The political activism of Serbian emigrants usually goes only to the Serbian embassy, and their ambition to the point of receiving an invitation for a reception on the occasion of Statehood Day and possibly to the privilege of hosting the ambassador and his guests from Serbia in a restaurant run by a Serb.


This ossified image is not and should not be a modern reflection of the relationship between the state of Serbia and its emigrants. It is only one part of the mythical mosaic, which also contains hundreds of billions of unused dollars, a strong Serbian political lobby in world decision-making centres, hundreds of thousands of unregistered and unrelated emigrants, and especially their desire to one day help Serbia. The homeland will have the right to expect something from its diaspora only when it invests something in it, and that investment should not go outside of Serbia, its place is in Serbia itself. It will do the best service to itself and the emigrants when it becomes a place that will not have emigration.

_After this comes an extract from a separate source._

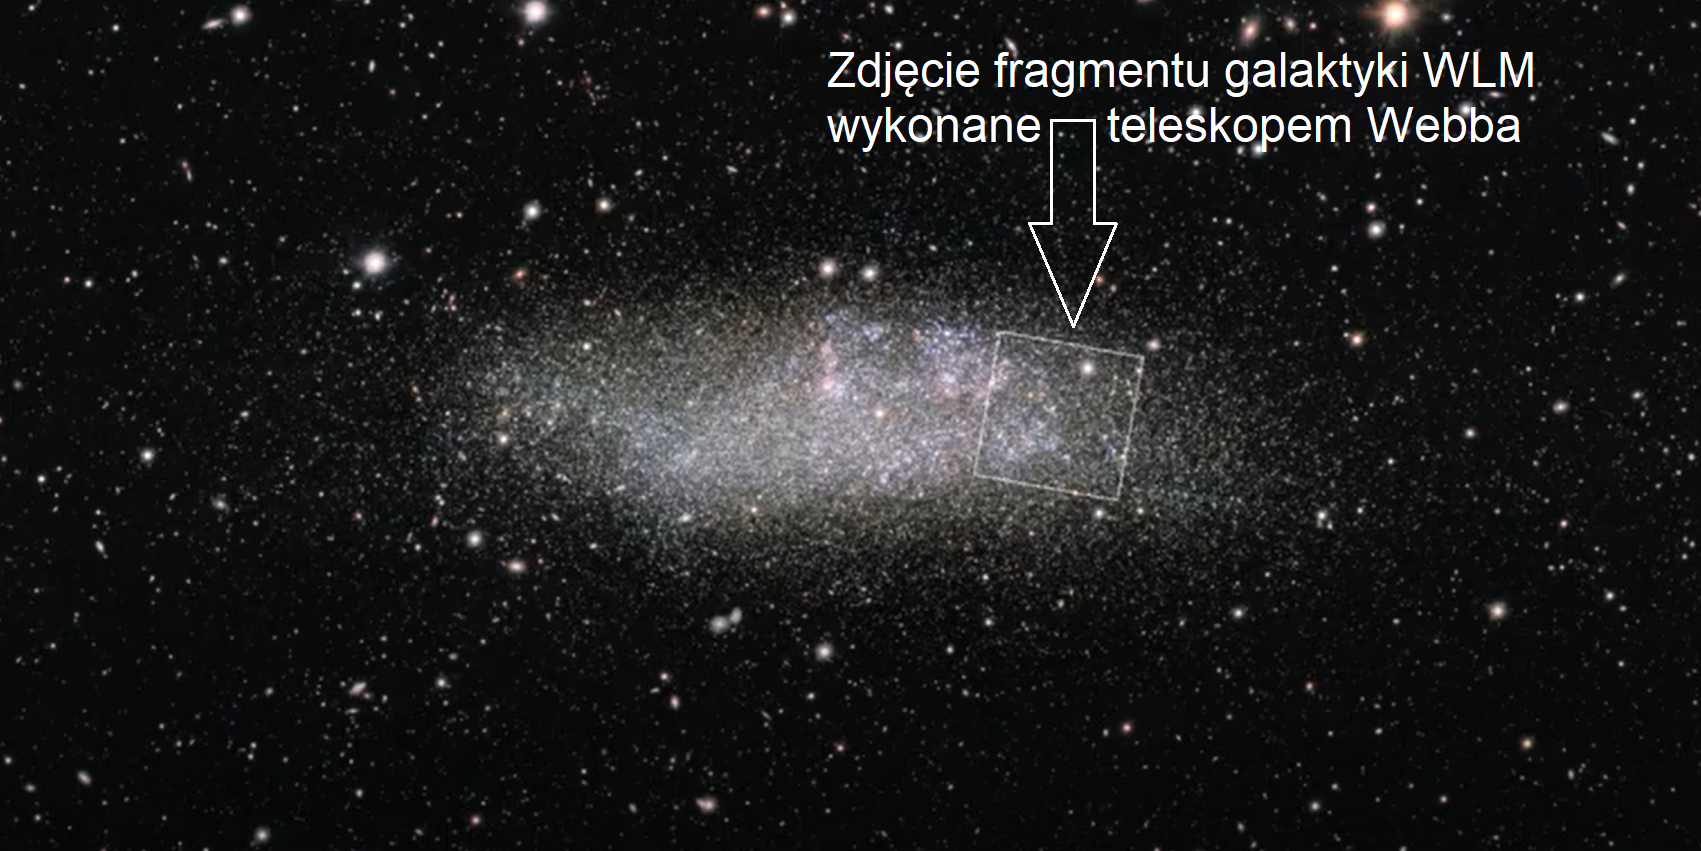 Zrzut ekranowy z animacja NASA prezentującej zbliżenie na galaktykę karłowatą Wolf-Lundmark-Melotte (WLM) - od zdjęcia z teleskopu VLT do zdjęcia wykonanego przez Kosmiczny Teleskop Jamesa Webba (kierunki na niebie: północ-po lewej, wschód-na dole). Widać tutaj zdjęcie z teleskopu VLT z zaznaczonych kwadratem o boku około 2’ (~1700 l.św. przy odległości do galaktyki WLM), który wskazuje na położenie kadru dla kamery NIRCam w teleskopie Webba. Źródło: NASA, ESA, CSA, ESO, Alyssa Pagan (STScI)

Until then, the homeland has the right only to feel proud of some of its people, who have done great things in the big world. Just as Turkey can be proud of the Sahin-Türeci couple, who found the vaccine for COVID-19, but nothing more than that, because the vaccine was developed and produced by their German company BioNTech. Just as, in the end, Serbs and Serbia can only be proud of Tesla and Pupin, as their compatriots, and nothing more, because all their ingenious work has to do only with America. It is the only fair relationship between the diaspora and the homeland. That is where we should start from, and everything else remains futile self-deception.